More than 150,000 copies of Baby Songs and More Baby Songs have danced out of stores in a little more than a year—a remarkable performance in a field dominated by Disney videos and such popular cartoon characters as Bugs Bunny. "I can't keep Baby Songs in stock," says Boston retailer David Pulda, and the video's appeal is just as strong on the other coast. "We show a parent two minutes of a tape," says Los Angeles shop owner Laurie Sale, "and they buy it immediately."
Baby Songs was conceived as a video five years ago, after Weintraub, now 32, and McEwen, 38, met at a Jane Fonda pregnancy-workout class. When their babies were small, the two mothers had fallen in love with an audiotape called Baby Song, composed and performed by children's songwriter Harlan "Hap" Palmer (with lyrics by Palmer and his then wife, Martha). "I wanted to write songs that would reflect the lives of children and their experiences, in the way that adult songs do for us," says Palmer. The results touched a chord. "It was so much better than singing 'Old MacDonald,' " says Weintraub. Chimes in McEwen: "They were the stories of our children's lives."
Palmer was delighted when the two women, who had both worked in TV production, told him they wanted to turn his songs into videos. Working out of an office in the Weintraub garage, the two spent a year collecting rejections from home-video executives before Hi-Tops Video took a chance and handed over $150,000.
Working around the births of their second babies, McEwen and Weintraub hired seven directors with different styles ("We wanted that MTV look," says Weintraub) and picked locations and costumes with an eye to bright colors and clean backdrops. The actors were the producers' friends and their children. Nobody bothered with market testing. "The directors were also parents," says Weintraub, "so we just asked ourselves what our kids would like to see."
Directing a passel of enfants, many of them occasionally terribles, was no small task, even though there were no lines for the little actors to blow. "We'd put tape on the floor and try to get them to go to those markers, but it didn't always work," says Weintraub. "We'd carry gum and candy and anything else we could think of to keep their attention." Along with heaps of toys and strollers, "we hauled our own kids around in the backs of our cars like props," she says. "If we needed a quick shot of a boy chasing a ball, we'd just send them out there."
The only major problem occurred the day a professional clown so frightened the kids that "instead of running toward him like they were supposed to," Weintraub says, "they ran screaming the other way." By comparison, the chimp who threw food from a high chair was a real trouper, though his performance has received mixed reviews from mothers concerned that their children may duplicate his performance. Worried moms, says McEwen, should just tell their kids, "that's how chimps behave, not children."
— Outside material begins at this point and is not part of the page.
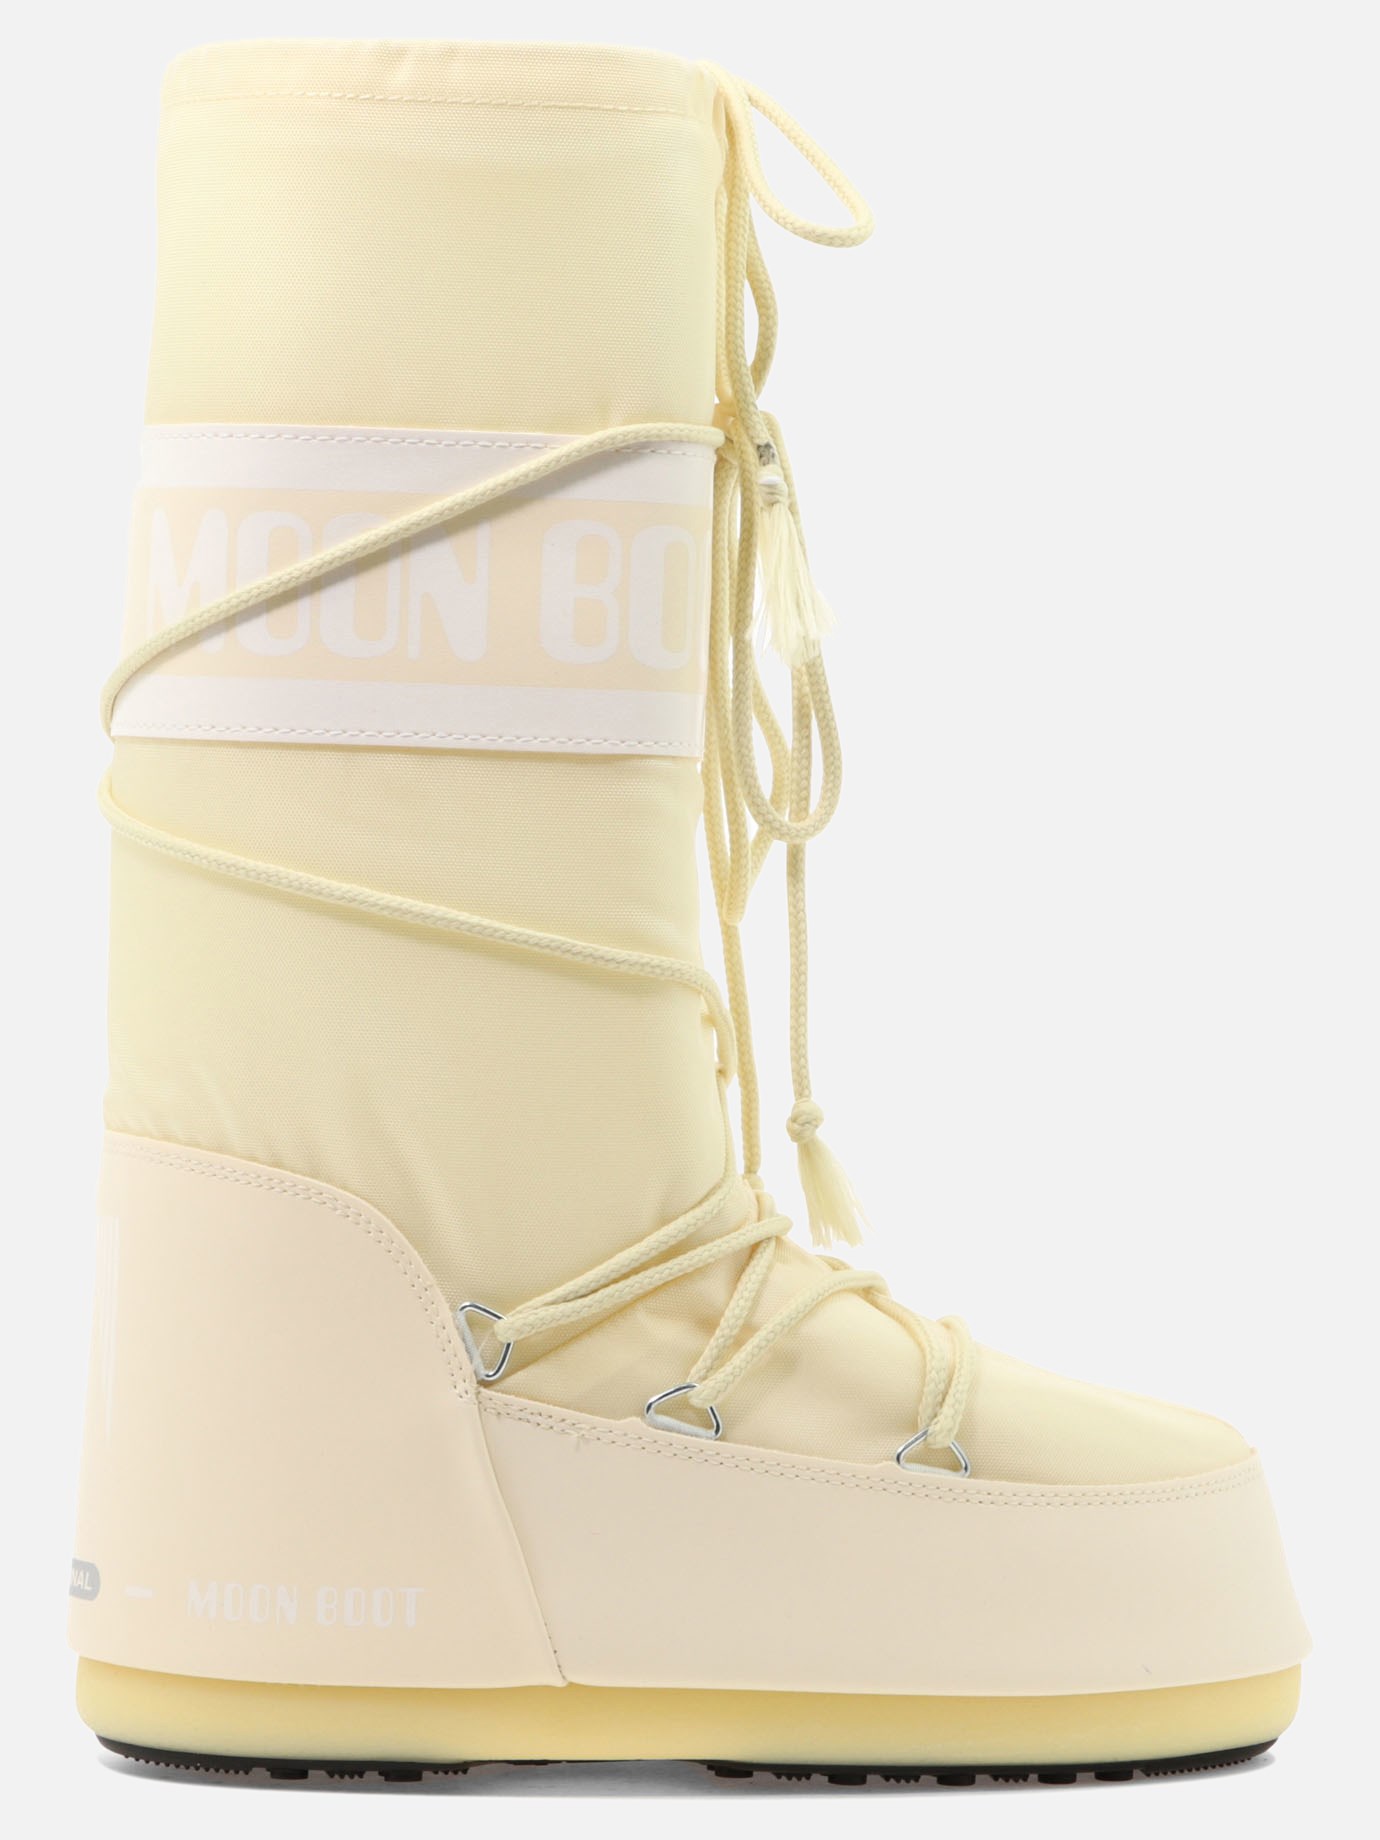  Nylon  after-ski bootsby Moon Boot - 4

Demand for a Baby Songs spin-off is responsible for Turn on the Music, due out in February, a more sophisticated set of Palmer songs on video for the 3-to-7 crowd. Further Baby Songs are in the works, and McEwen and Weintraub have taken an option on a children's book called Half Magic, which they hope to turn into a feature film. For the two of them, there's only one minus. "We film with children all day, working really hard, and then we go home to our own at night," says Weintraub. "I have to admit it: I get a little burned-out on kids."